Станислав от водки не отказывался, а платить не собирался, поскольку денег у него было всего на четвертинку, а до вечера еще ого-го, сколько выпить можно.
– У меня Домна все одно, что ищейка, – разглагольствовал он, наливая водку. – Вот, истинный бог, ищейка. Ей бы только в уголовном розыске сыщиком работать. У нее глаза – не поверишь – насквозь все видят. Для нее все вещи все равно что из стекла сделаны. Вот, бывало, спрячу деньги, так уж заховаю, что сам потом неделю найти не могу, а она найдет. Везде найдет, подлая. Или нюх у нее такой, сам не знаю, только нигде никакого от нее спасения нету. Один раз решил в такое место положить полсотни, что сам черт не догадается, – в фуганок. Клин вынул, сунул туда бумажку, потом опять клин забил. И что ты думаешь? На-а-ш-лаа!.. И там нашла. А вот как? Нет, ты мне скажи – как?
– Я ж говорю тебе – пентюх ты, – твердил Антон. – А потому тебе с деньгами и делов не надо иметь.

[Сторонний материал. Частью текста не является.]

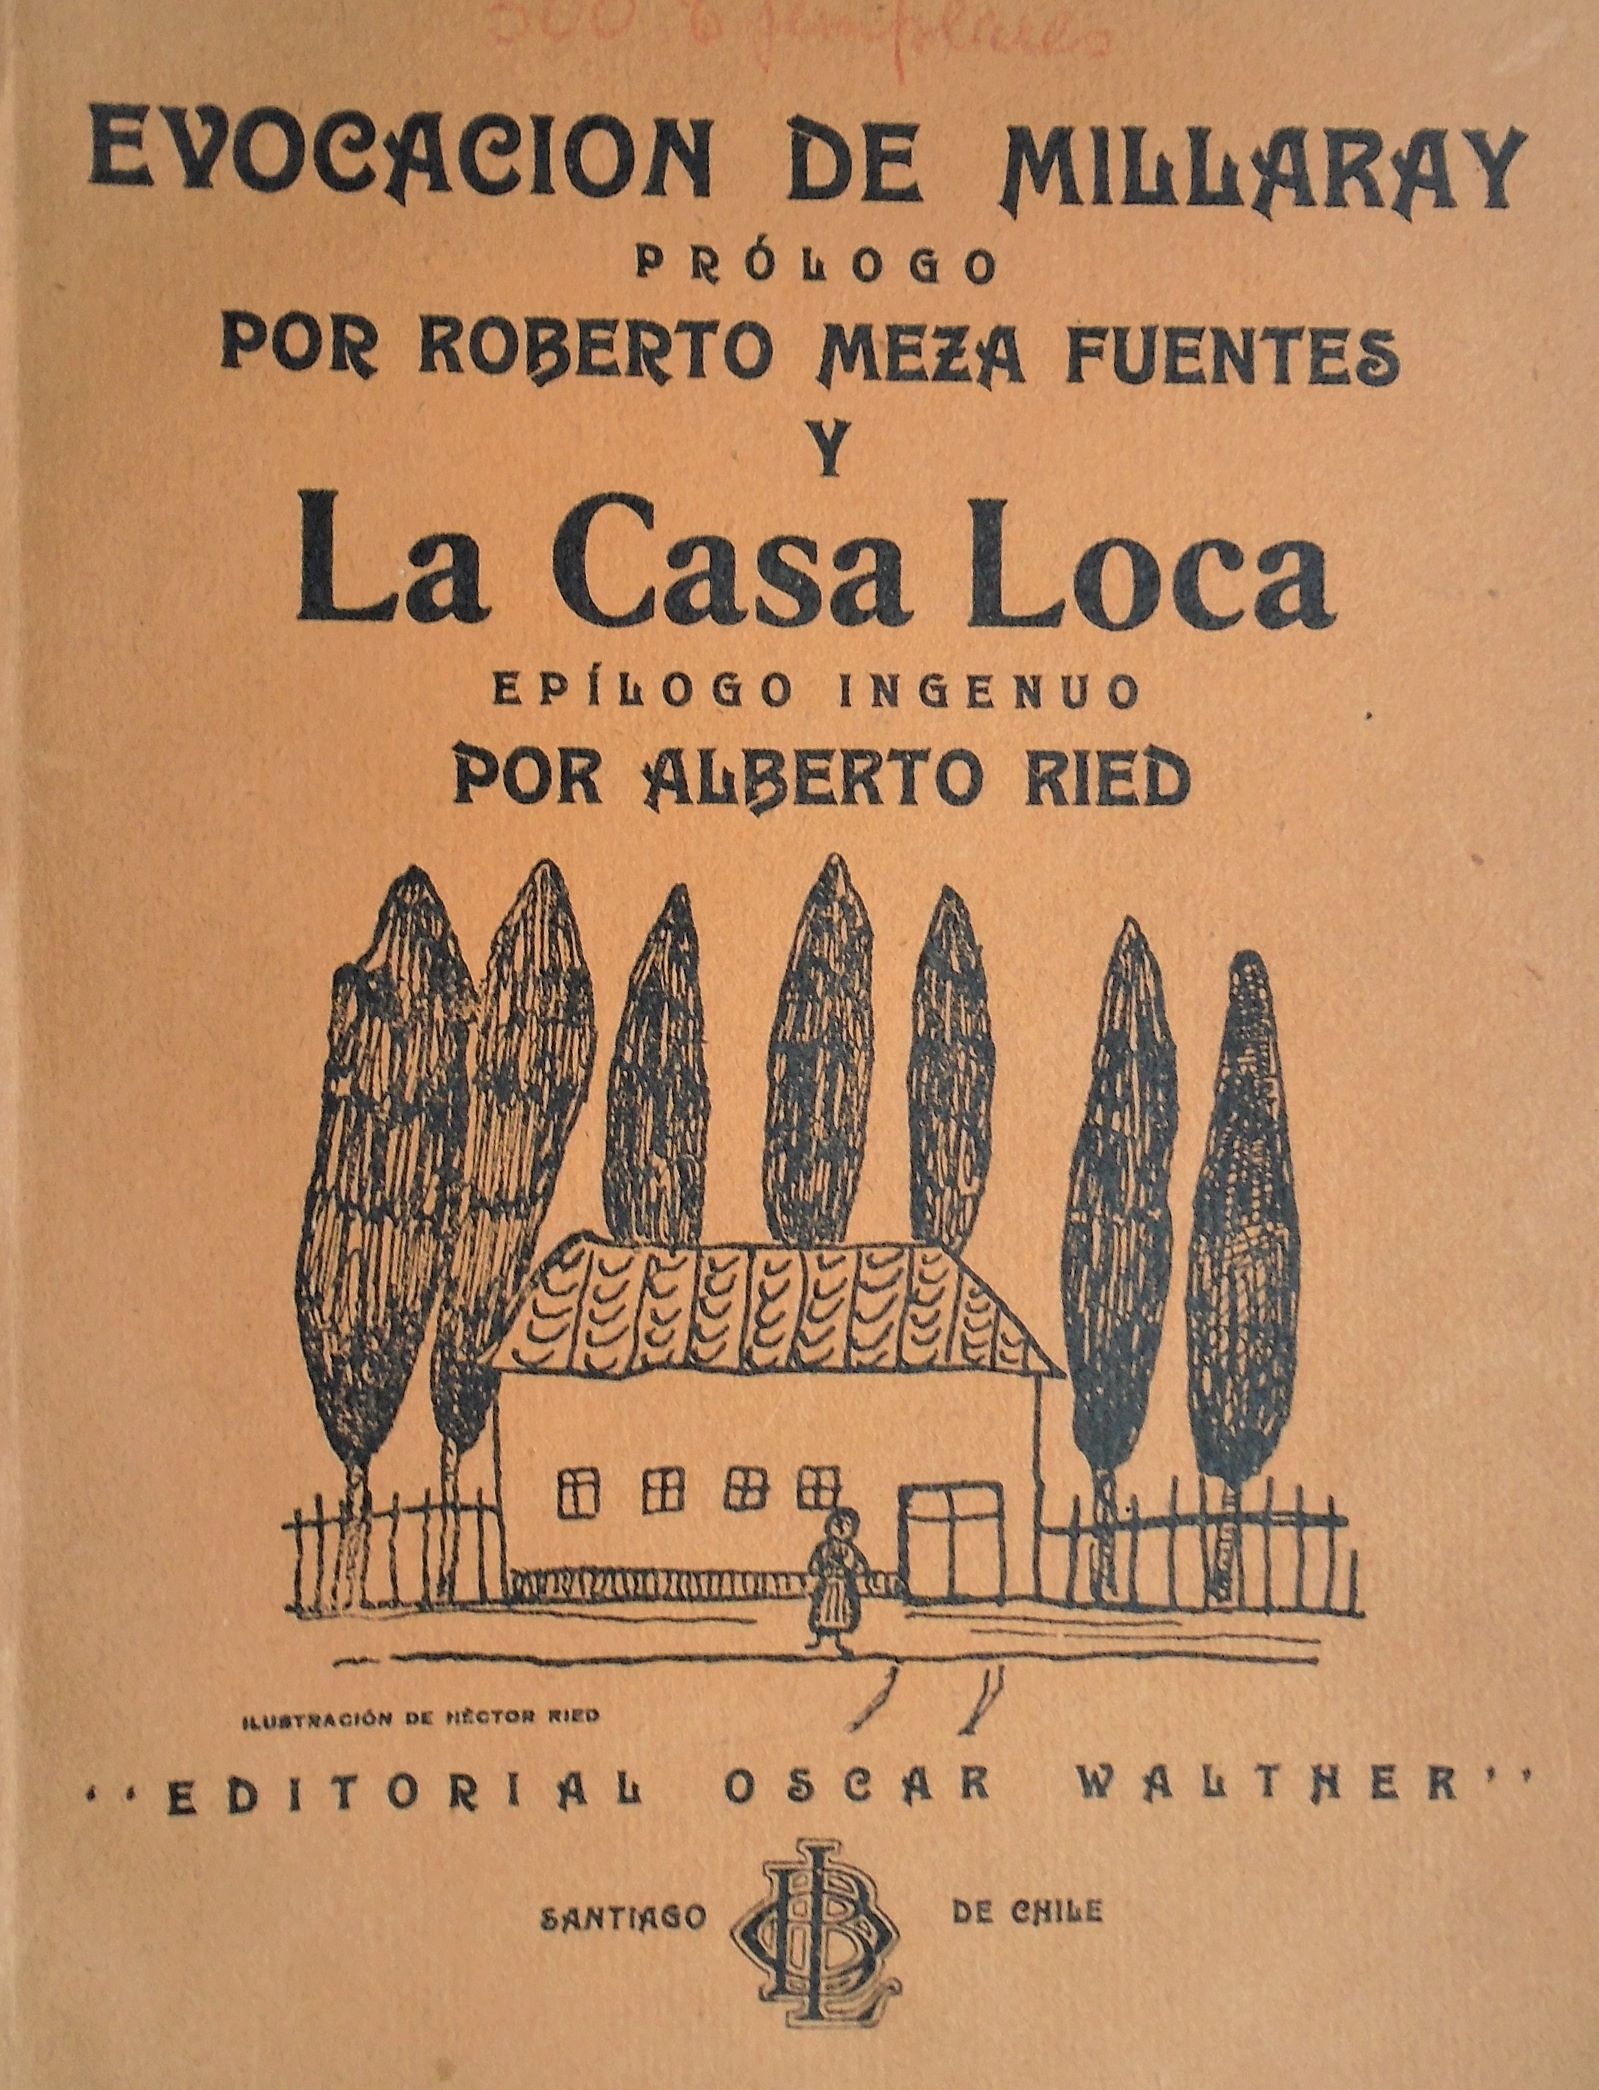 Roberto Meza Fuentes & Alberto Reid - Evocación de Millaray / La Casa Loca

Лучше самогон держи.
– За самогон притесняют, – сокрушенно молвил Станислав. – Вот кабы медовуху – это можно. Да пчелы нужны.

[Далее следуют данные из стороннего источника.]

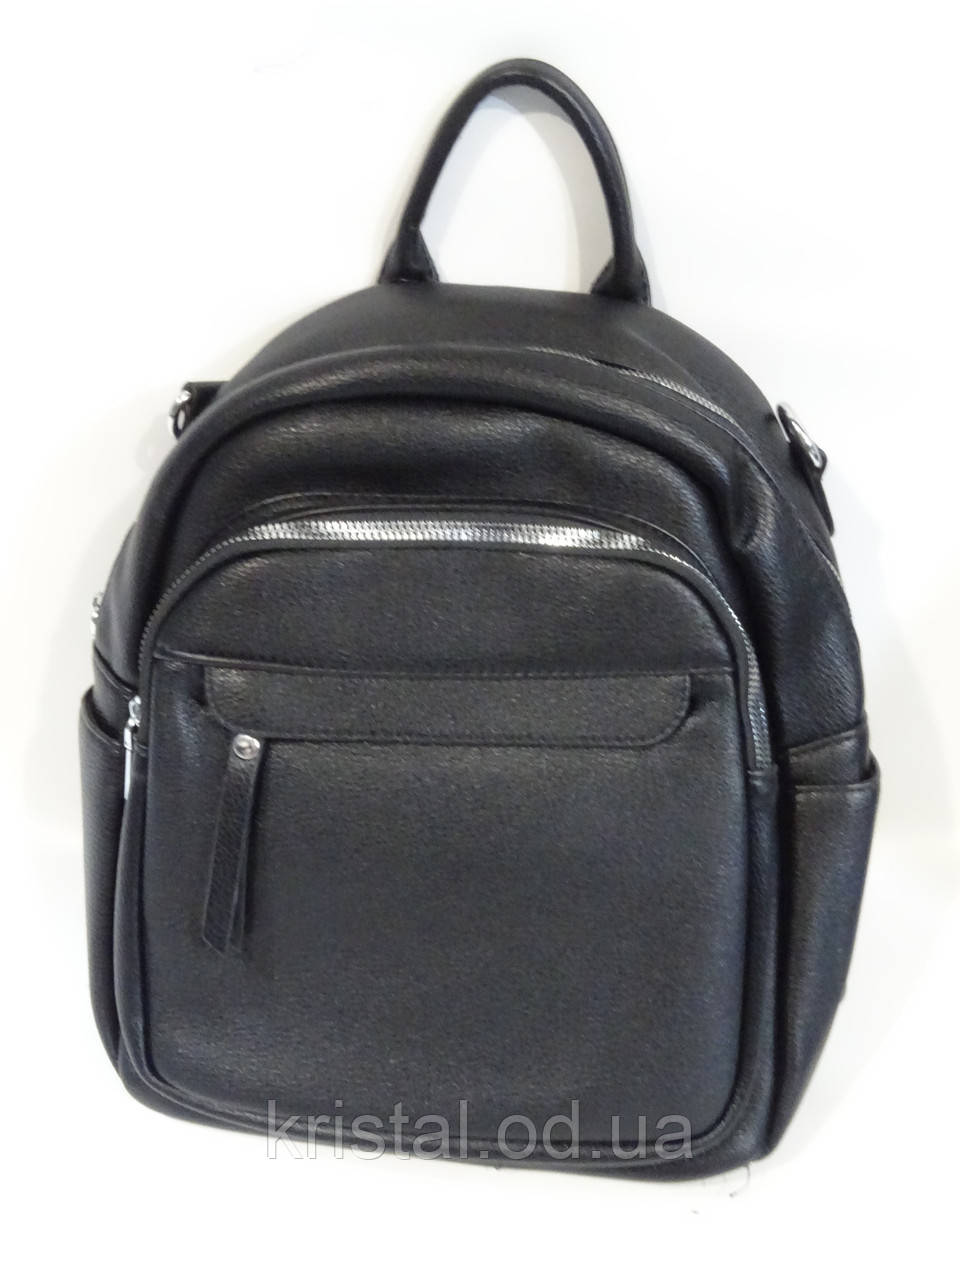 Рюкзак жіночий оптом 24*30 см. серії "Premium" No18526

– Заведи пчел, кто ж тебе не дает.
– Гэ-э, заведи… Легко сказать. Это тебе можно. А мне нельзя. Потому как я механизатор. Пчелы, они механизаторов терпеть не могут… Было у меня четыре колоды. Как стал я возле бензина-керосина работать – шабаш. Все улетели. Однажды пришел с работы да так, не переодеваясь, в сад, поглядеть на них. Что ж вы думаете? Заволновались они, как высыпали изо всех колод да на меня темной тучей. Я лицо руками кое-как закрыл, да сам в кусты, а они за мной. Я в хату – и они в хату, я схватил полушубок да на голову. Жена подумала – сбесился человек, давай на меня орать, да видит такое дело – разъяренные, что собаки, пчелы и на нее нападать стали. Она себе тоже одеялом голову укутала, а ноги-то босые, можно сказать, голые. Еле отбились. Хорошо, что детей дома не было, а то досталось бы и им ни за что ни про что. Я ж этого не знал, оказывается, запаха бензинового они терпеть не могут. Так и ушли от меня, все четыре семьи ушли – колоды бросили, а сами улетели в неизвестном направлении. Вот тебе и медовуха.

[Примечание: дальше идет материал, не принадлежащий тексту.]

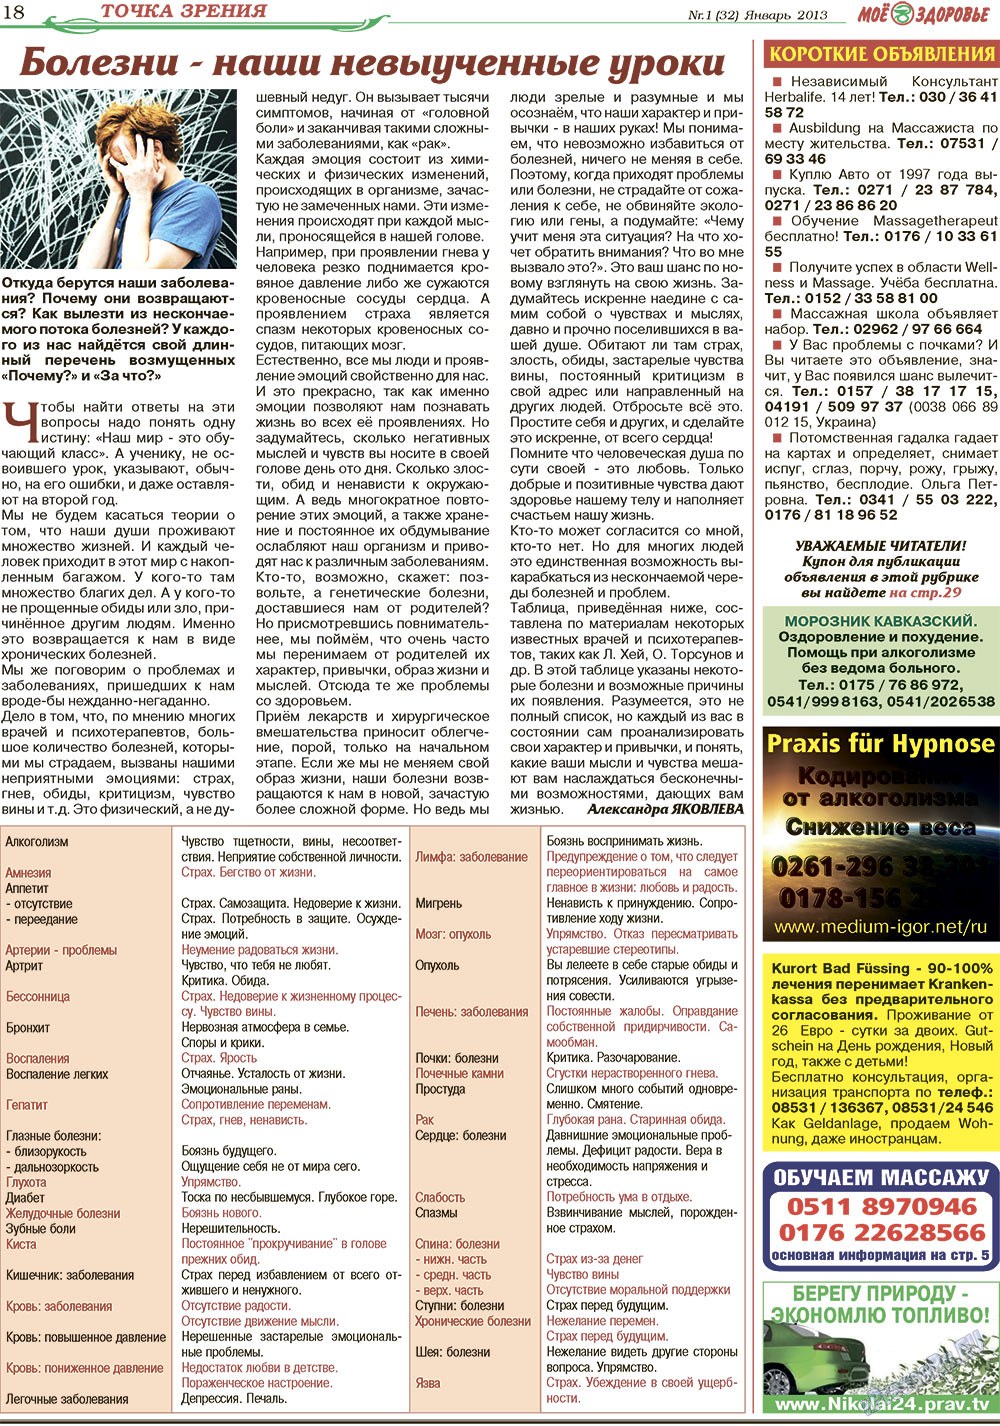 Кругозор, газета. 2013 №1 стр.18

Буфетчица подала четвертинку. Яловец сам заплатил, налил сначала себе почти полный стакан, остаток Балалайкину и, поглядывая на сало, сказал:
– Нам бы с тобой, Стась, на кабанов сходить. Намедни, говорят, Котов огромное стадо видел. А в середке хряк пудов на двадцать.
– Врут, – авторитетно замотал головой Балалайкин; он считал себя бывалым охотником. – Одно из двух – или стадо преувеличили, или свинью за хряка приняли.
– Нет, говорят, хряк. Свинья в двадцать пудов быть не может, – возразил Яловец.
– И-и-и, это возможно. А вот хряк большого стада не водит – говорю тебе доподлинно. Свинья большое стадо водит, а хряк нет.
Чокнулись, выпили, кряхтя и морщась, словно касторку глотали, закусили салом и опять продолжали все тот же разговор.
– Кабана, конечно, подстрелить не плохо, только я, Антон, больше не охочусь на них. Зарок дал, хватит. Мне жить охота. На зайца пойду, на енота пойду, на лису, на волка пойду, а на кабана нет. С тех пор, как, значит, он мне ружьишко испортил, я – не-е-т, избави-упаси. Да что ружьишко, бог с ним с ружьишком, а вот что сам чуть было жизни не лишился. Вот тут и все дело.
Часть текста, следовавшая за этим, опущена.